%%

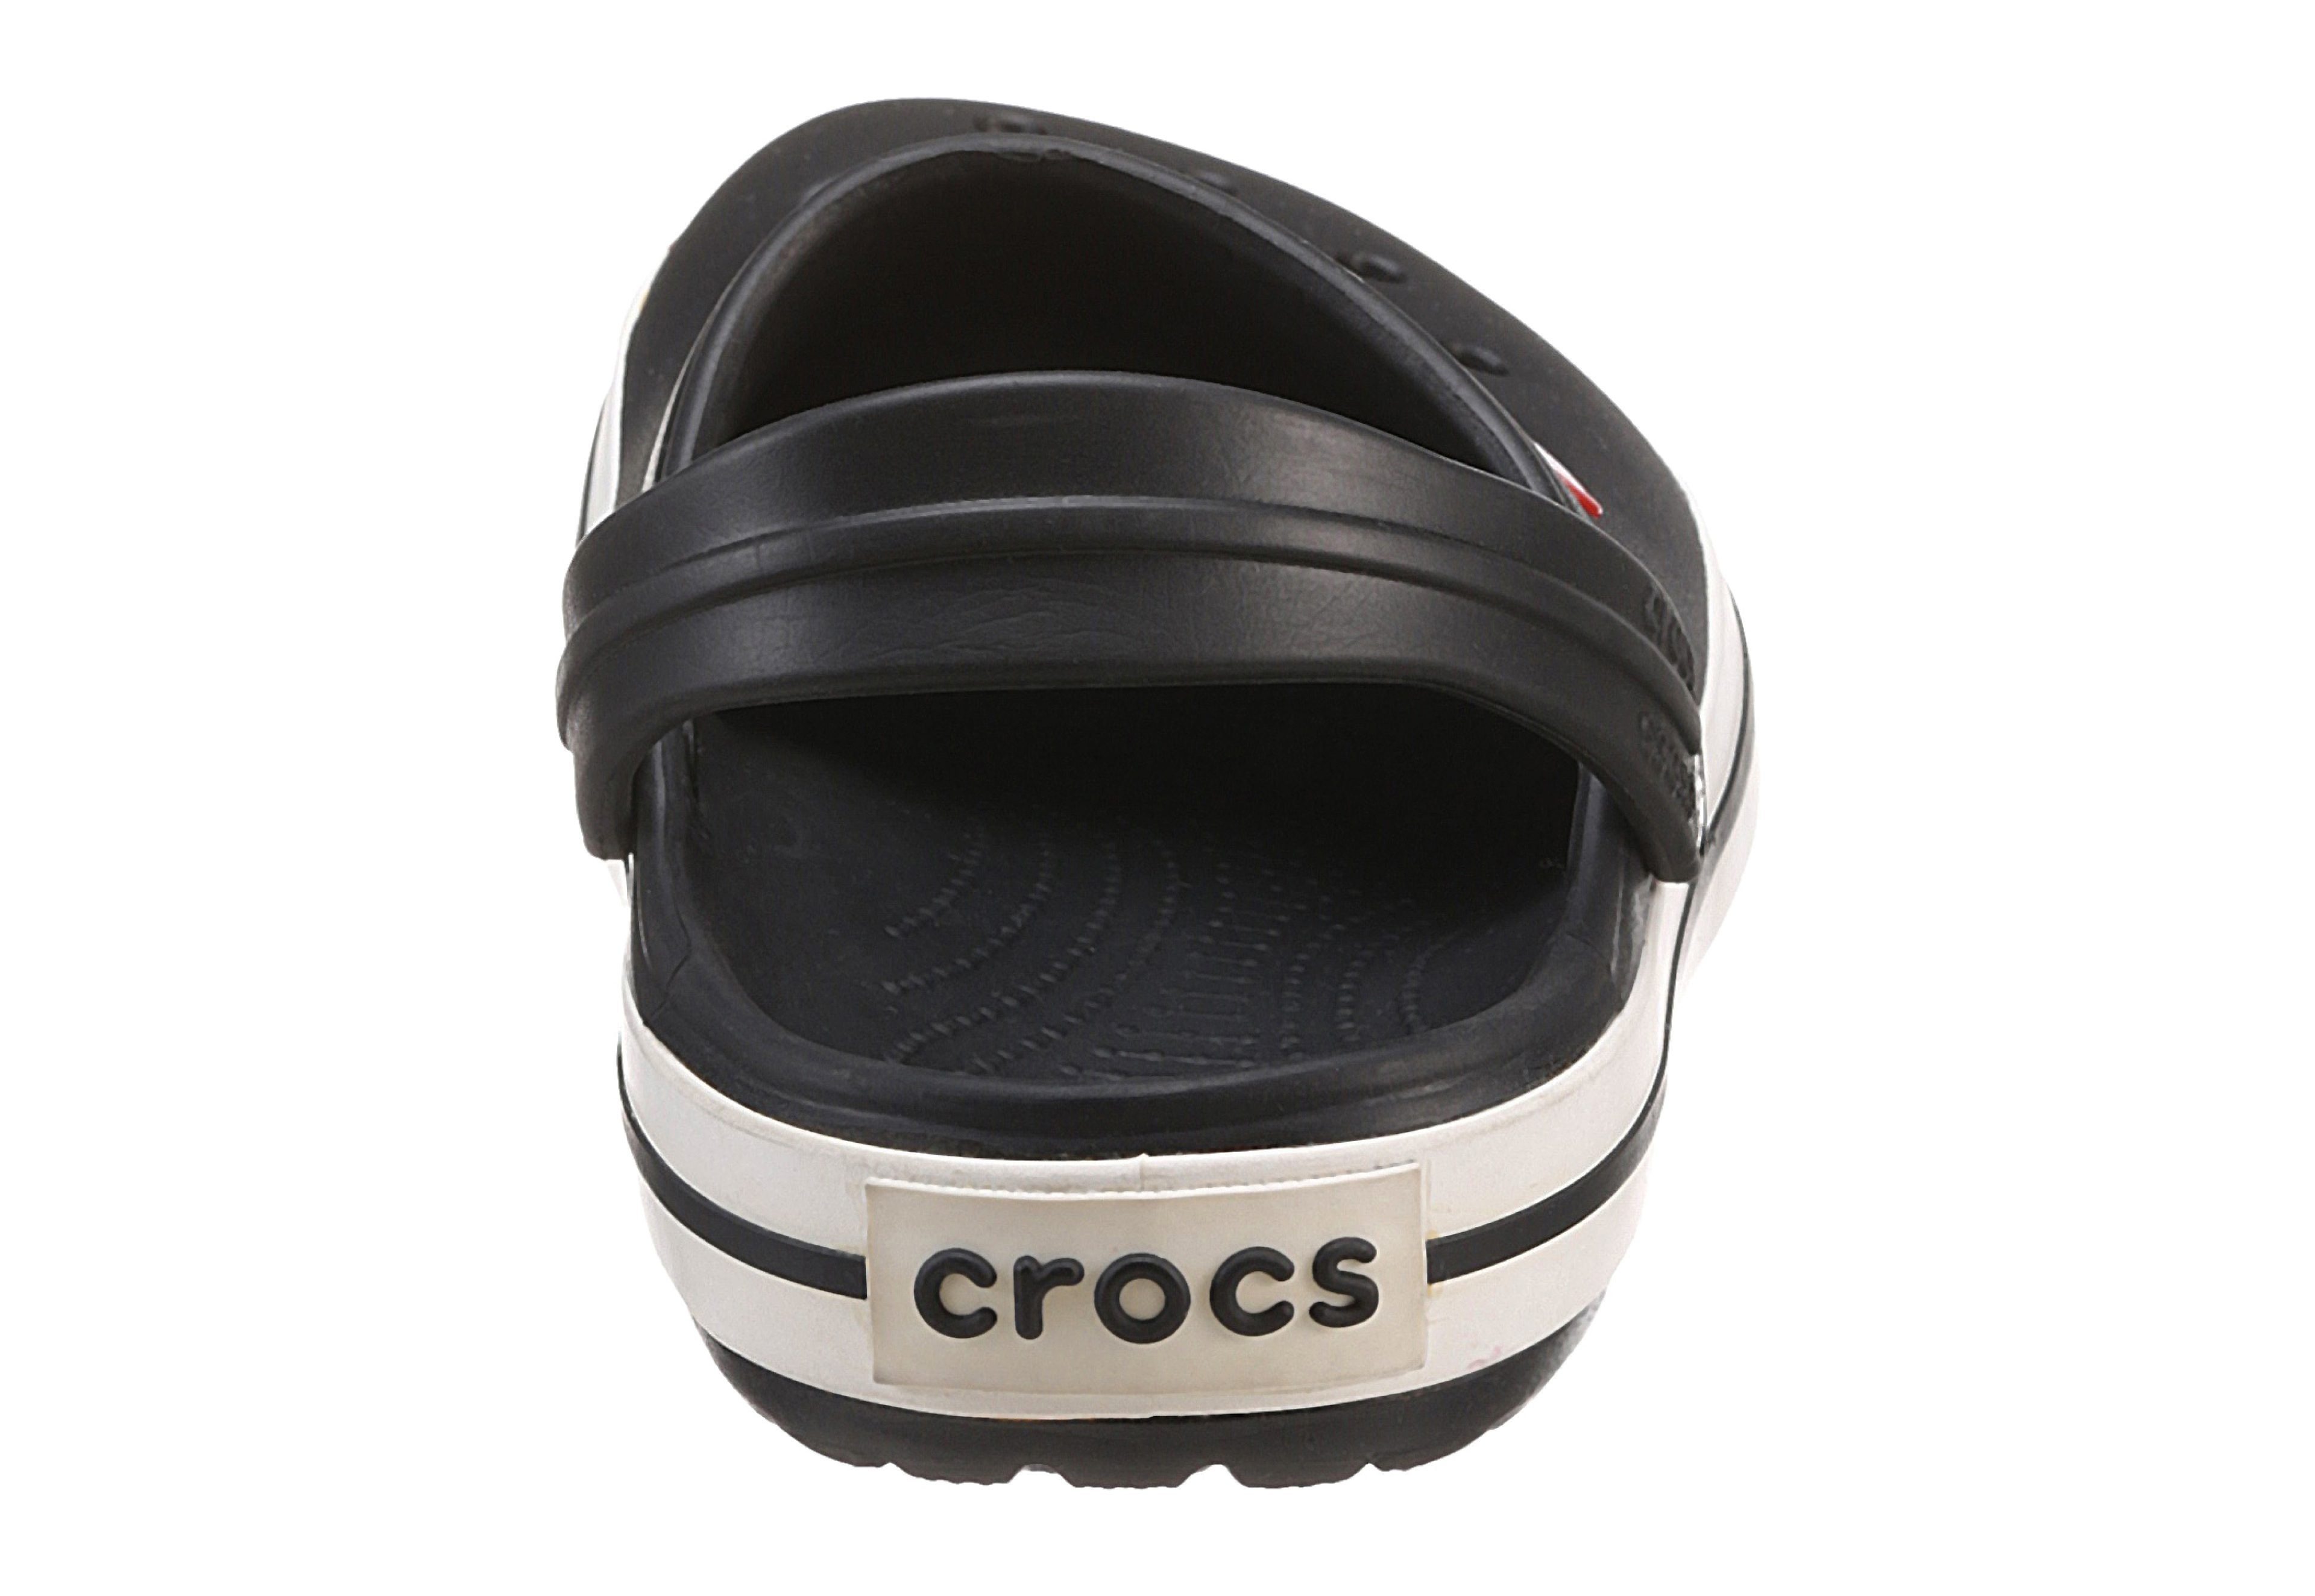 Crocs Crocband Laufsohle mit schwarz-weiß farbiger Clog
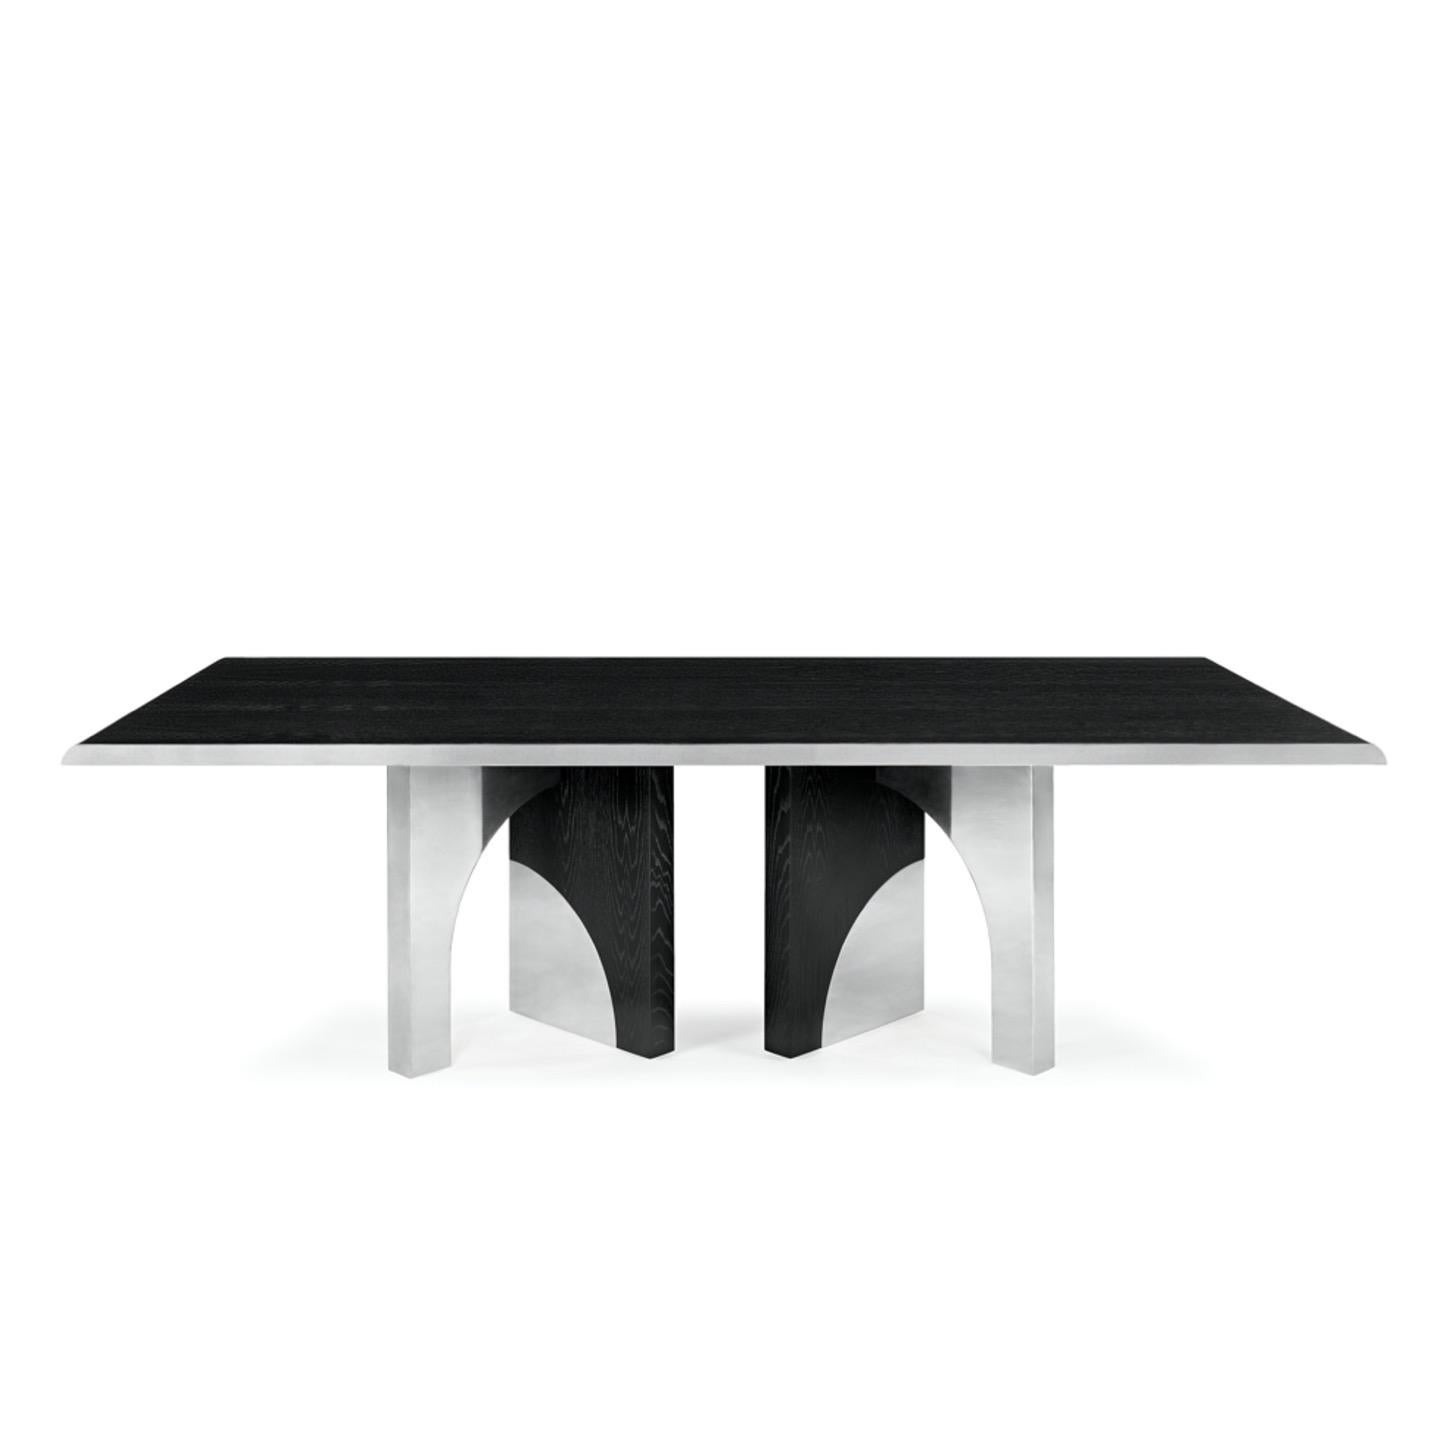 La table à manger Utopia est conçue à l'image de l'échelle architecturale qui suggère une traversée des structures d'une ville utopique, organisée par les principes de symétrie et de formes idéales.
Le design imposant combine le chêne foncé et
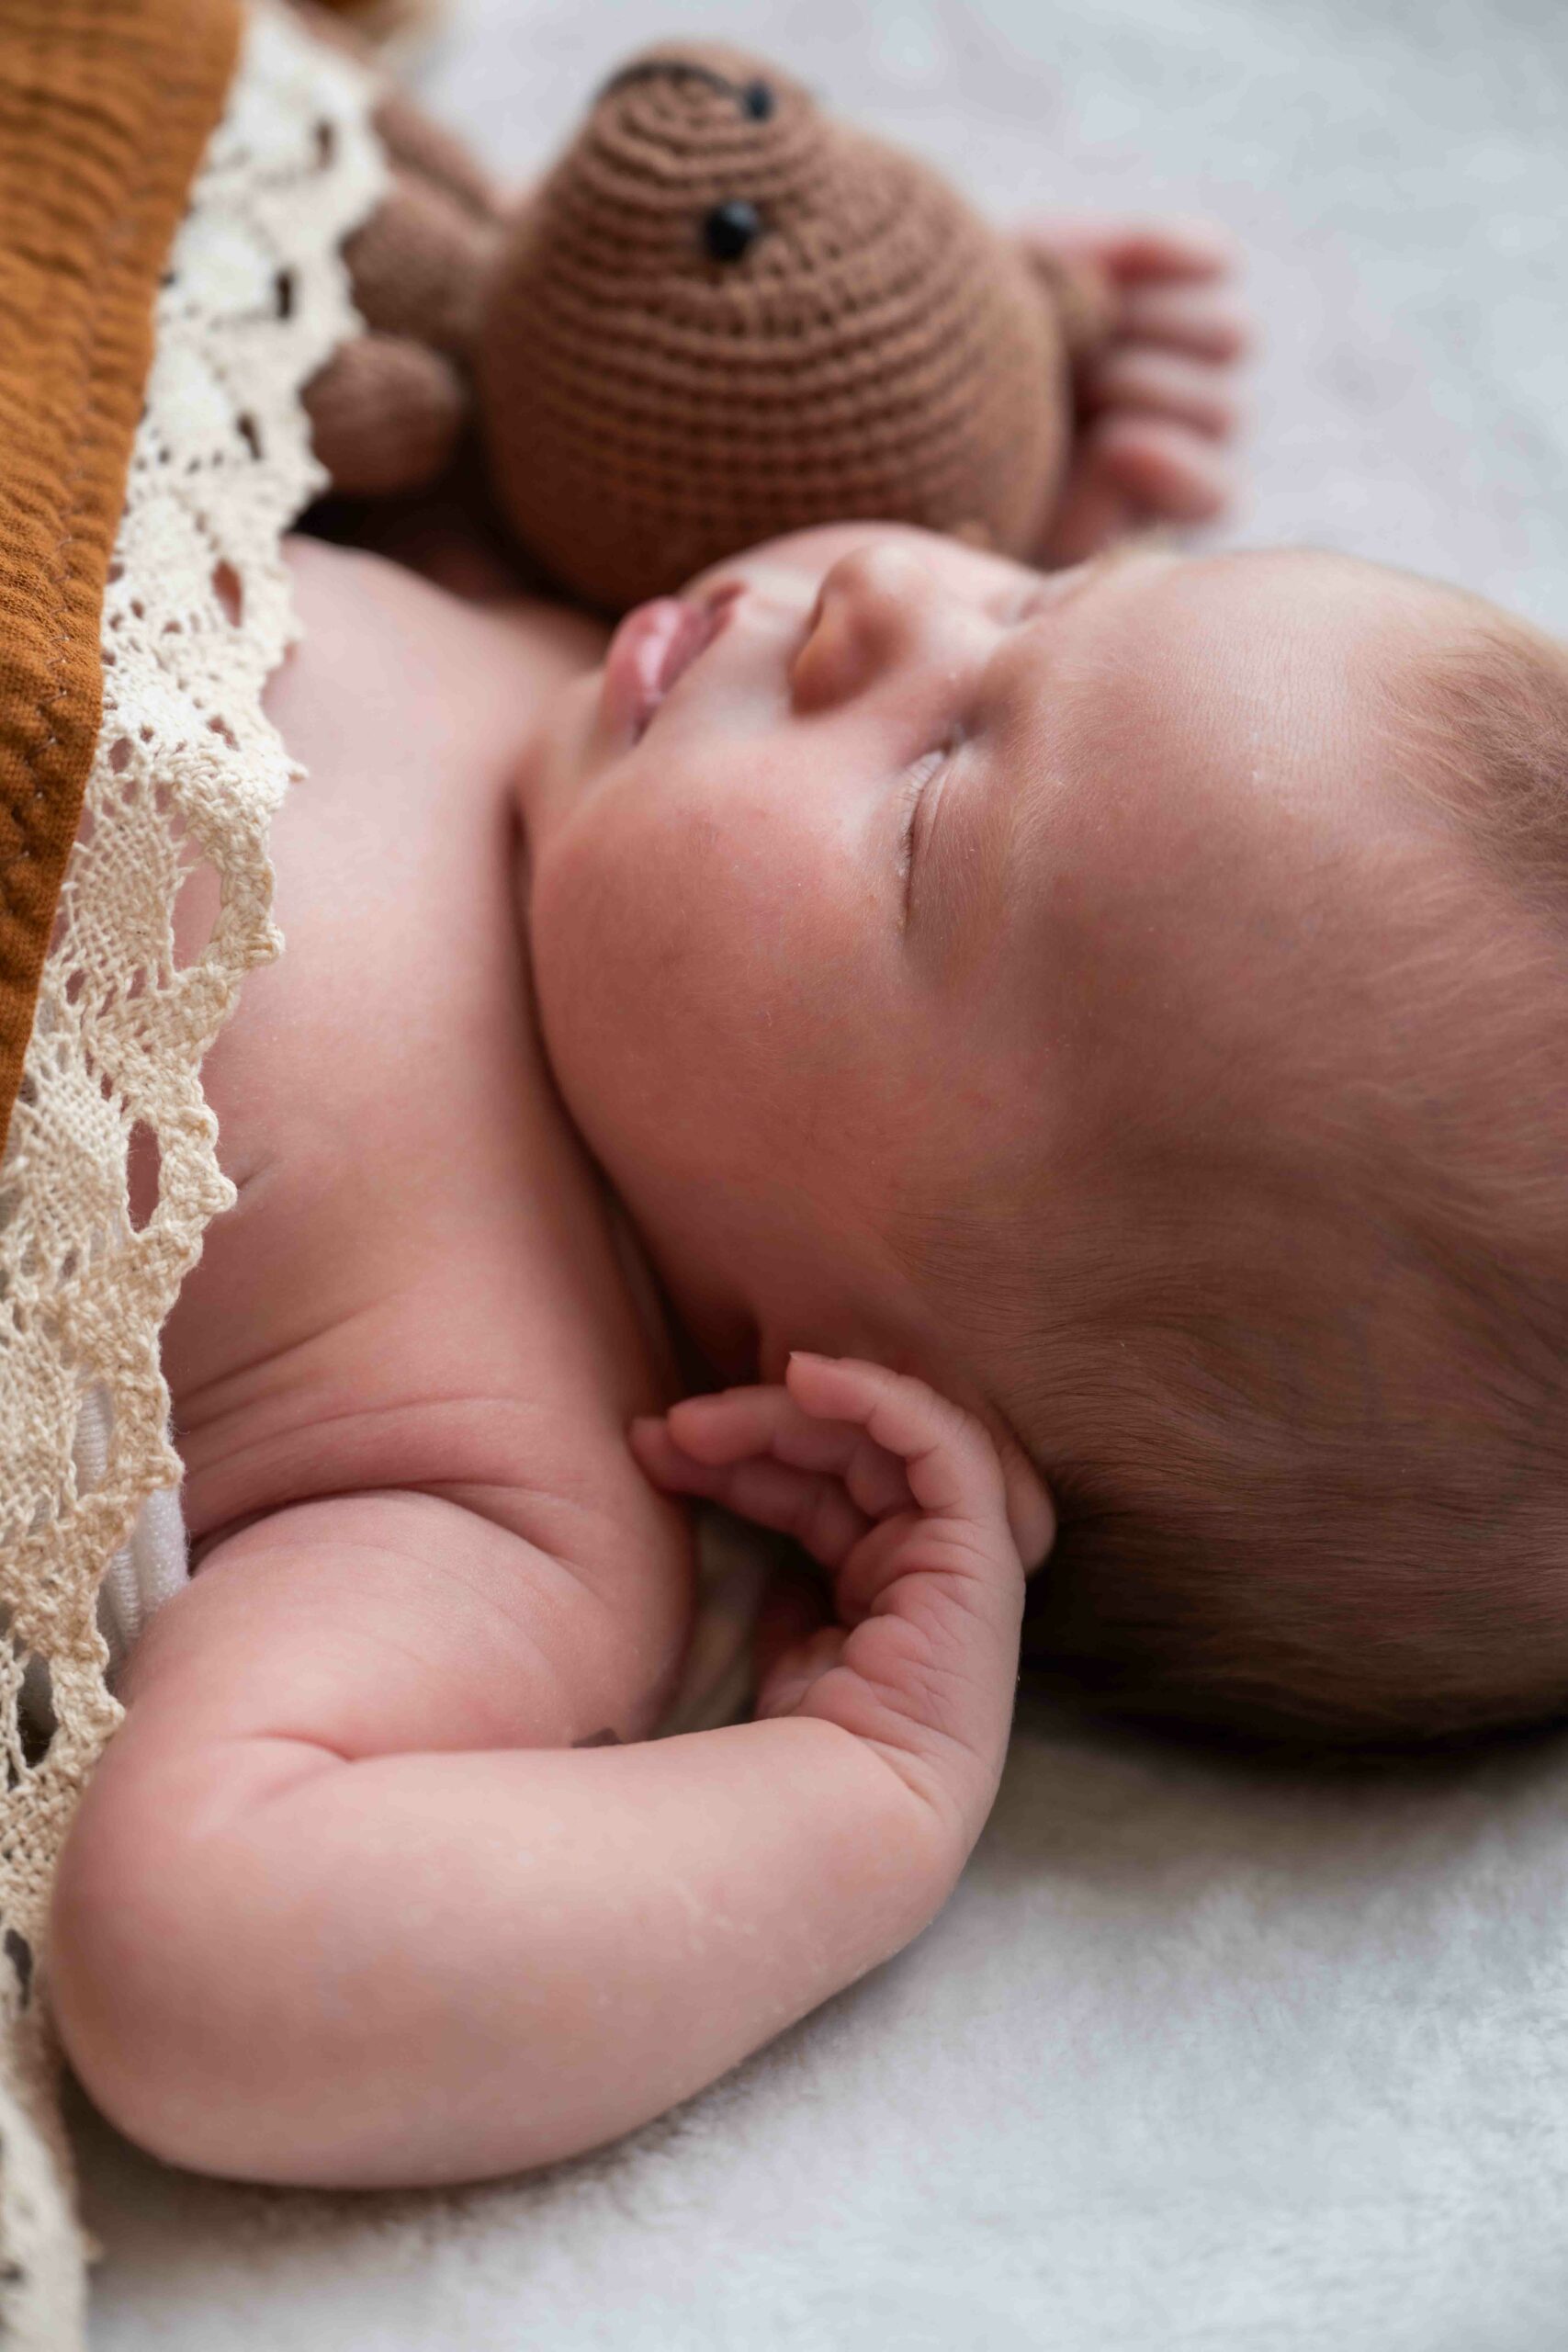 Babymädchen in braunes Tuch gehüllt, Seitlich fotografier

%%

# AIM OF THE TASK
Starting at the line that contains "La table à manger" and ending at the final line of the data, reproduce each line exactly. Pictures stay out of the copy.

# EXPECTED ANSWER
 La table à manger Utopia est conçue à l'image de l'échelle architecturale qui suggère une traversée des structures d'une ville utopique, organisée par les principes de symétrie et de formes idéales.
Le design imposant combine le chêne foncé et
 Babymädchen in braunes Tuch gehüllt, Seitlich fotografier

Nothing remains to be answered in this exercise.